== Segment start ==
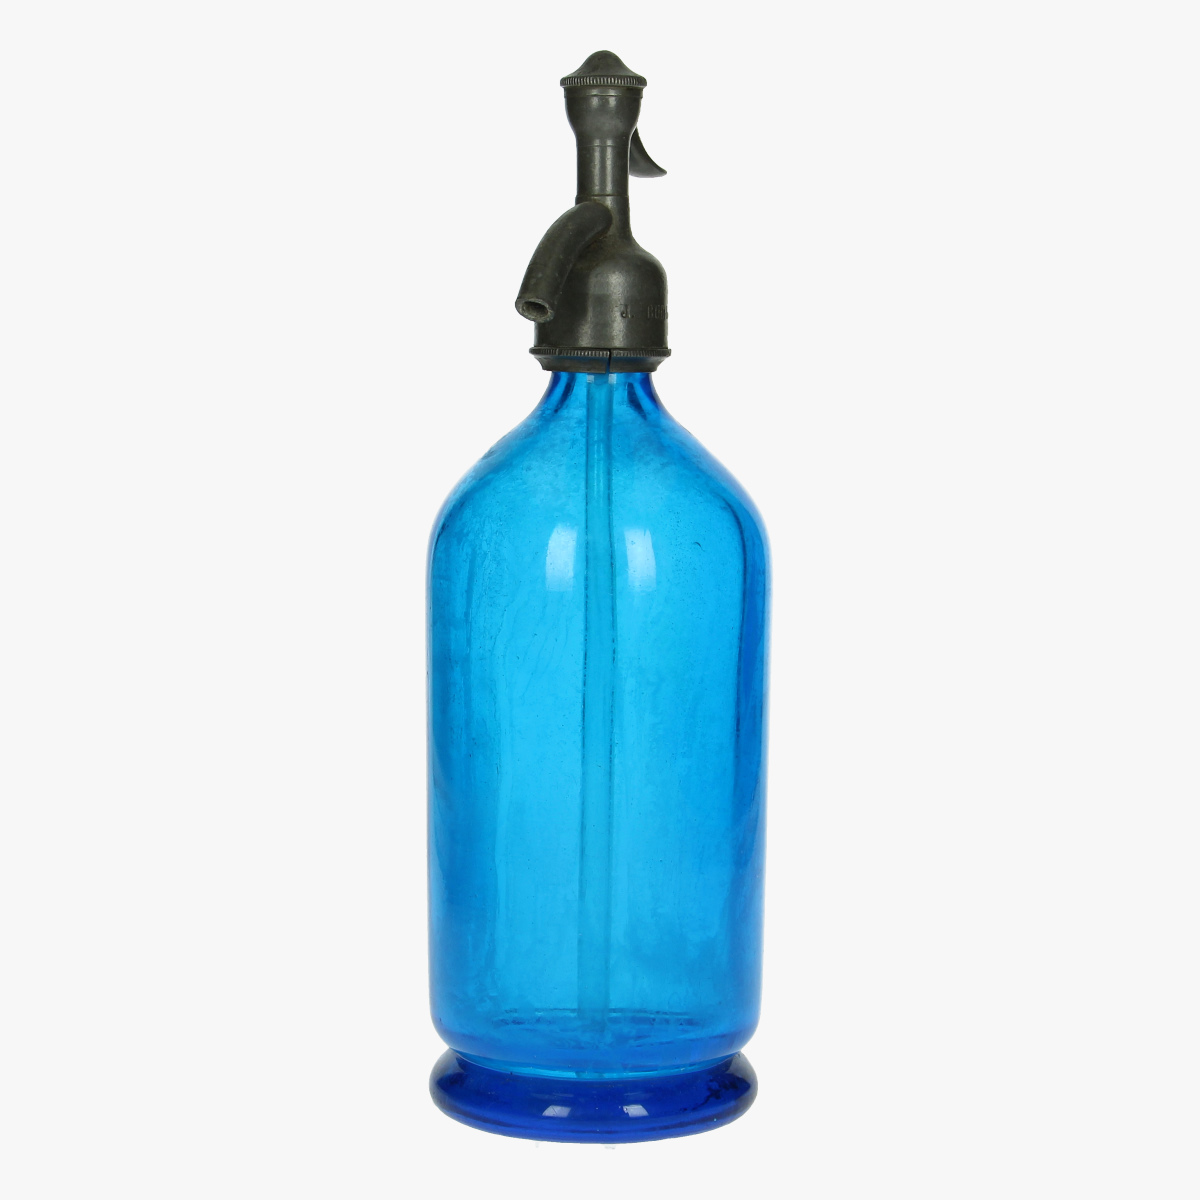 Afbeeldingen van oude soda fles blauw 
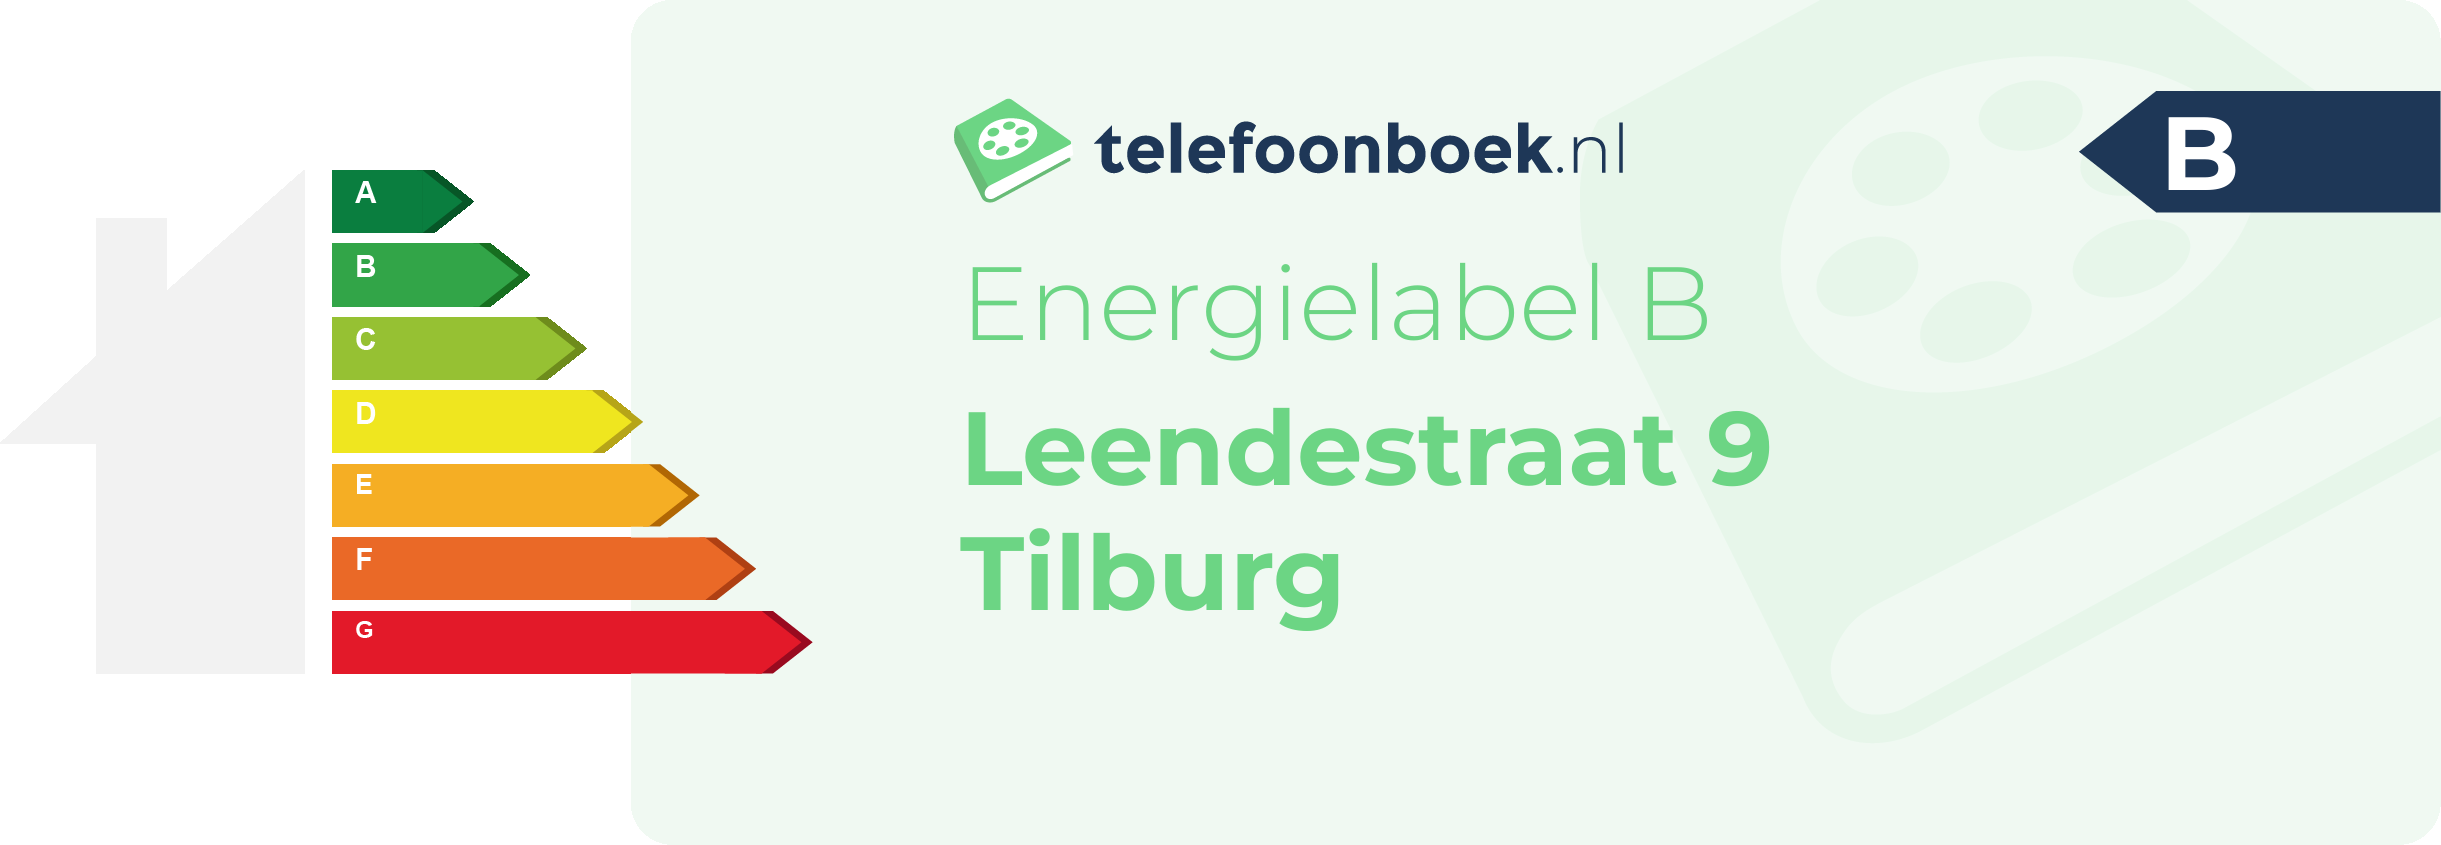 Energielabel Leendestraat 9 Tilburg
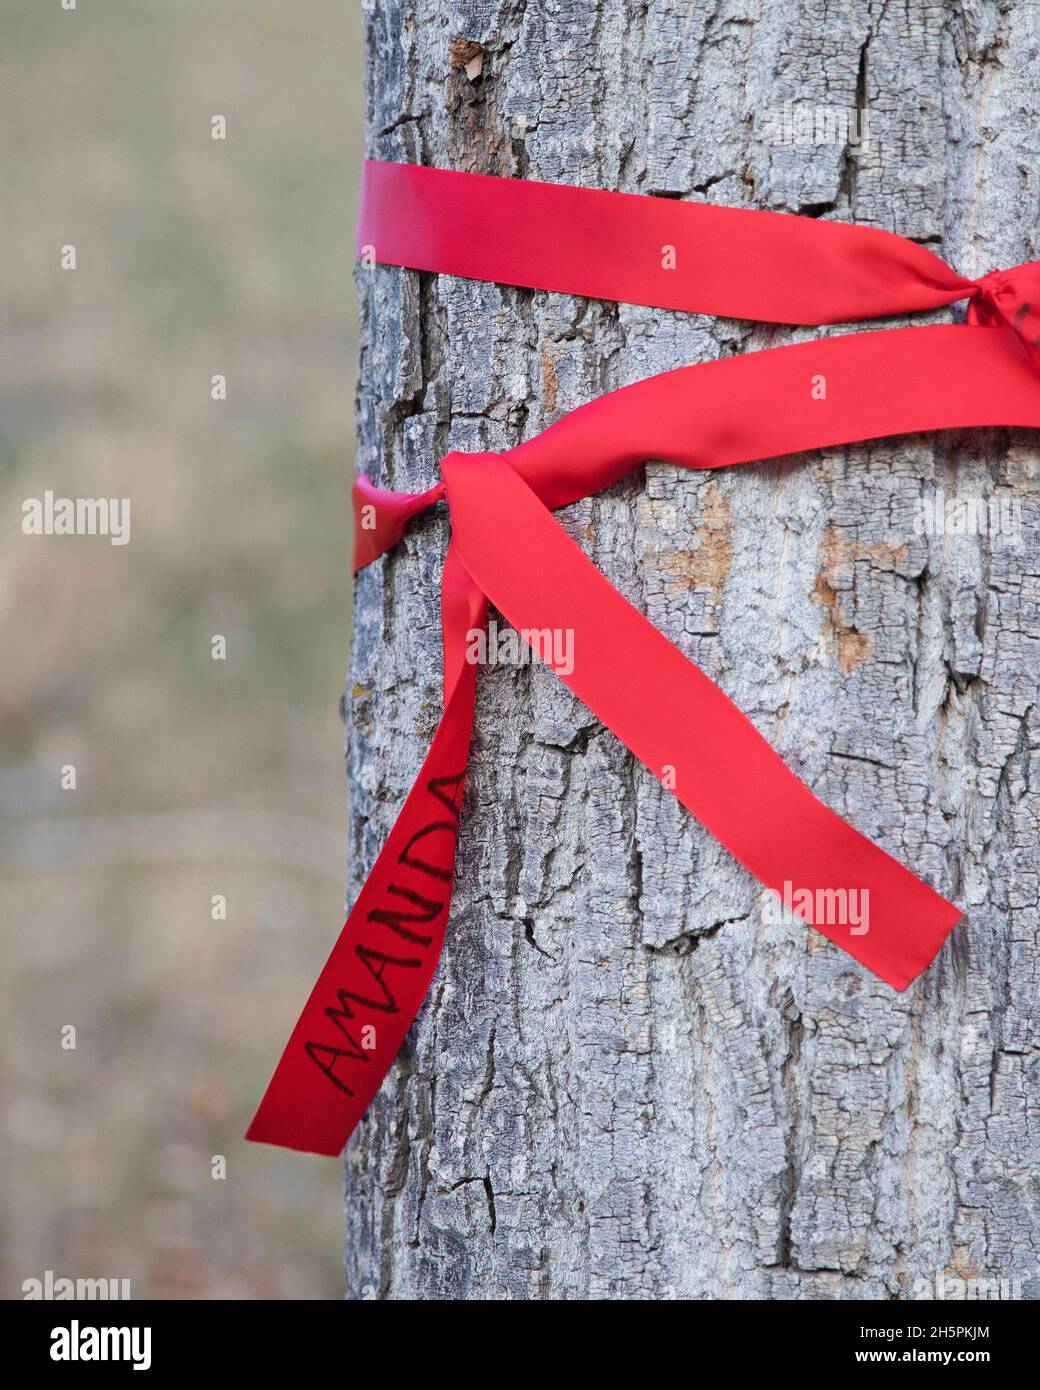 Rotes Band, das zum Gedenktag an einen Baum gebunden ist, als Denkmal für eine vermisste oder ermordete indigene Frau. Stockfoto
== Segment end ==
> _Task instructions_: Print the preceding material over again exactly. Please leave the pictures out.

> _Reply_:
 Afbeeldingen van oude soda fles blauw 
 Energielabel Leendestraat 9 Tilburg
 Rotes Band, das zum Gedenktag an einen Baum gebunden ist, als Denkmal für eine vermisste oder ermordete indigene Frau. Stockfoto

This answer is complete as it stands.